O consultor do Banco Mundial Guido Penido, que participou das discussões envolvendo o projeto de lei, avaliou que a edição do decreto foi uma sinalização positiva do governo em relação ao mercado de carbono.
Por outro lado, ele também concordou que há pontos fundamentais ainda em aberto, como os planos setoriais e o cumprimento das metas, principalmente em relação ao enforcement no caso de descumprimentos.

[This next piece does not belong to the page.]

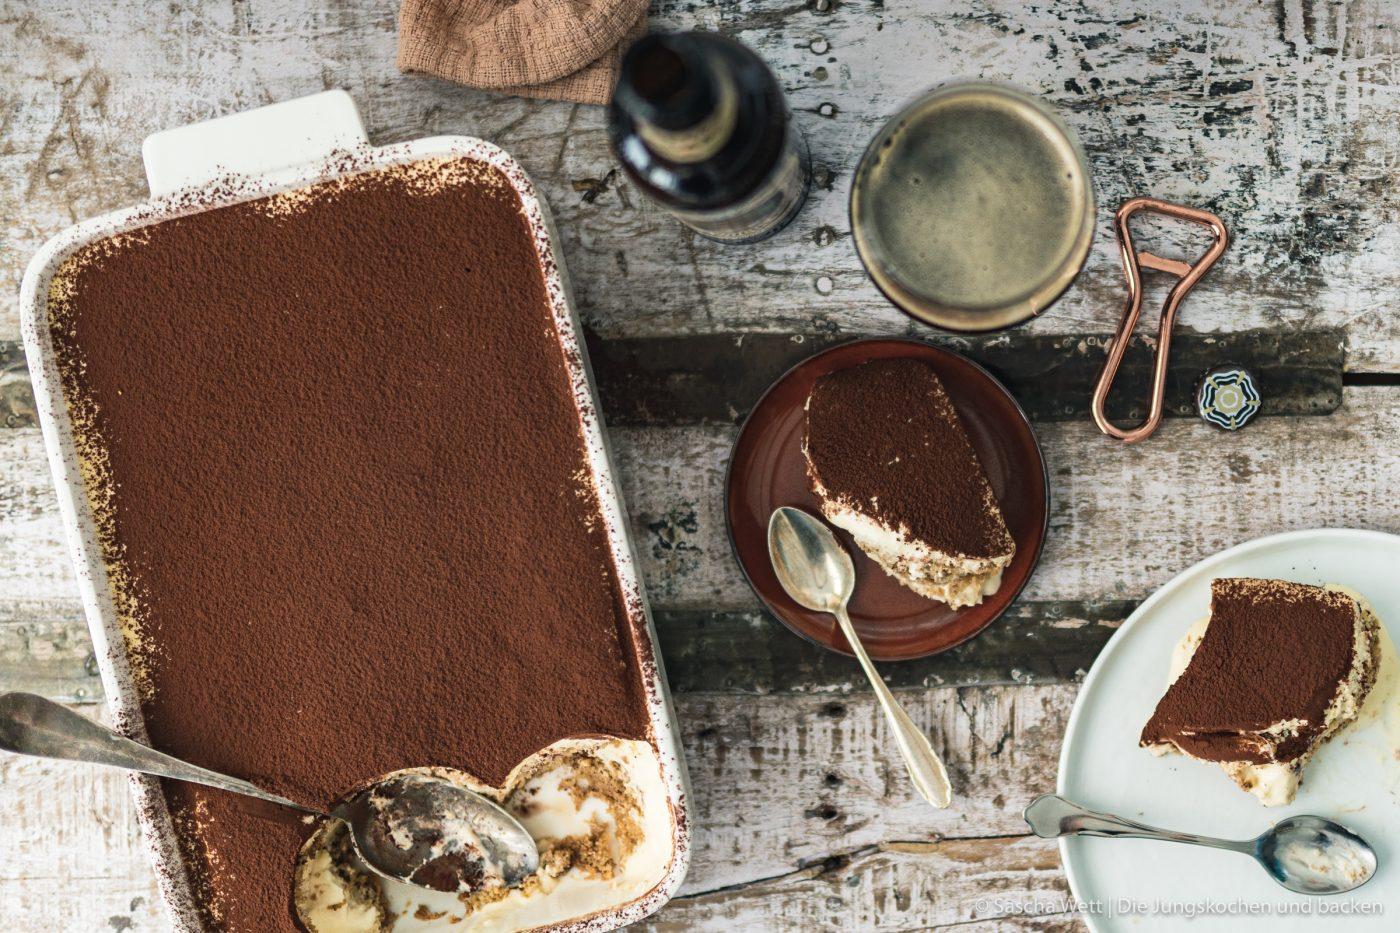 Rezept für den Dessertklassiker mit einer ganz neuen Komponente. Bierlikör und ein kräfitges Choclate Stout Bier machen dieses Tiramisu zu etwas ganz Besonderem! #tiramisu #dessert #süßspeise #bier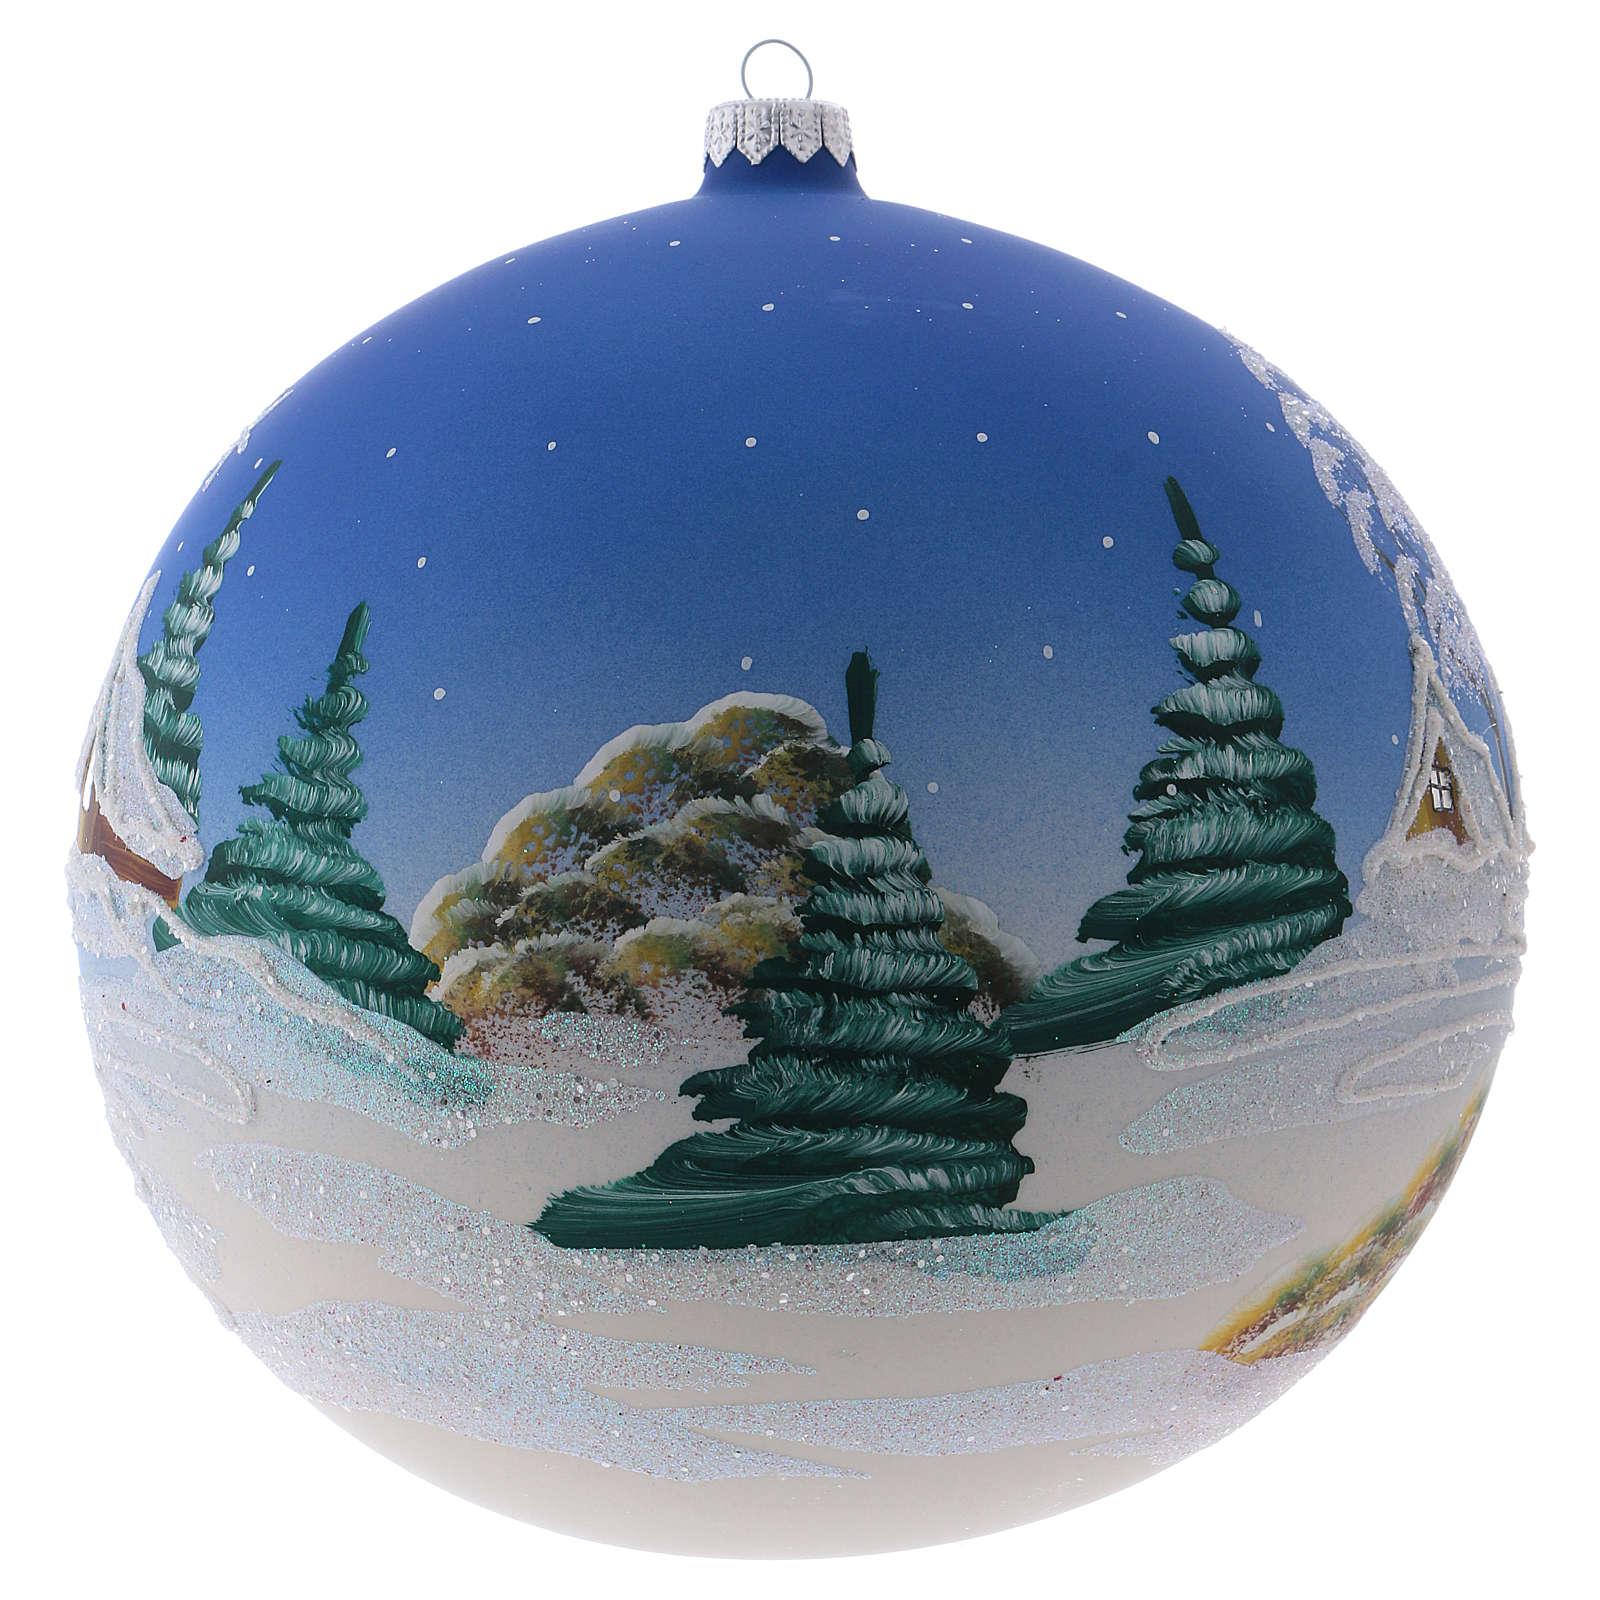 Palla Natale 200 mm vetro soffiato paese nordico innevato cielo blu 4

“Para alinhar o arcabouço regulatório com as práticas internacionais, como a própria adesão à OCDE, precisamos de uma regulamentação incisiva do mercado de carbono no Brasil”, considerou Penido no evento.
Potencial Brasileiro
Ao citar que o Brasil tem um “potencial energético muito grande”, Guido Penido disse durante a manhã que a agenda do carbono traz diversas oportunidades para o país, com interseção em todos os setores da economia, principalmente em relação a outros competidores internacionais.
“Resta saber aproveitar, comunicar e tangibilizar essas oportunidades no cenário internacional”, alertou o consultor do Banco Mundial.
A avaliação de Marina Grossi foi semelhante, principalmente ao destacar o potencial que o mercado pode vir a ter no país. “Se o Brasil é ofertante de crédito de carbono, precisa mostrar que dá para entrar no jogo”, disse.
O início da regulamentação deste mercado pelo Brasil, segundo a presidente do CEBDS, é uma sinalização aos organismos internacionais de que o país começou seu processo. “É um mercado que a gente está construindo no Brasil, segundo o desejo do governo e dos próprios entes regulados.”
“As questões ambientais estão nos riscos sistêmicos dos negócios das empresas. Se a gente tivesse um mercado de carbono em curso, teríamos elementos para dizer que a economia está direcionada”, complementou Grossi.
Calendário e desafios
Os debatedores reconheceram que o calendário do Legislativo deste ano, a ser afetado pelas eleições e frente às pautas prioritárias dos deputados e senadores, como as discussões envolvendo o setor elétrico, pode impactar a análise do texto ainda este ano.
Alexandre Ywata afirmou que o Ministério da Economia tem trabalhado junto à deputada relatora para endereçar as principais discussões no âmbito da regulamentação por meio do projeto de lei.
“O texto que chegamos até o momento foi o mais próximo de uma média ponderada entre as nossas convicções e as do próprio setor produtivo, mas ainda há pontos que podem ser melhorados”, ponderou o secretário, sem especificá-los.
Do ponto de vista dos regulados, Marina Grossi avalia que já existe um arcabouço que todos os players concordaram, com respeito à soberania e um sistema gradual. A proposta do Congresso, disse, nunca agradará a todos, mas considerou que é importante aproveitar o timing.
Ela acredita que existe vontade política para aprovar a regulamentação do mercado do carbono. “O ritmo não pode parar. Há momentos de explosão, depois de arrefecimento”, relembrou.
Independentemente do resultado das eleições presidenciais deste ano, Grossi disse que há consenso entre os partidos políticos sobre a importância da matéria para a economia brasileira.
“Seria um ganho enorme se o Executivo conseguisse aprovar o PL, já que os setores regulados estão alinhados. Com isso, conseguimos fazer com que o decreto seja sinérgico ao PL”, declarou Guido Penido.
Mercado voluntário
Os participantes do evento promovido pela Casa JOTA destacaram que, paralelamente ao mercado regulado de carbono, há um mercado voluntário, que movimentou US$ 1 bilhão de dólares em 2021 em todo o mundo – frente a US$ 800 bilhões do mercado regulado.
Esse mercado permite que empresas voluntariamente decidam reduzir a emissão de gases de efeito estufa. Apesar da diferença entre a magnitude dos valores movimentados, Marina Grossi avaliou que os dois mercados podem conviver juntos.
No mesmo sentido, Guido Penido afirmou que há uma simbiose entre os dois mercados. “Do ponto de vista do mercado regulado, o voluntário pode ajudar, trazendo flexibilizações”.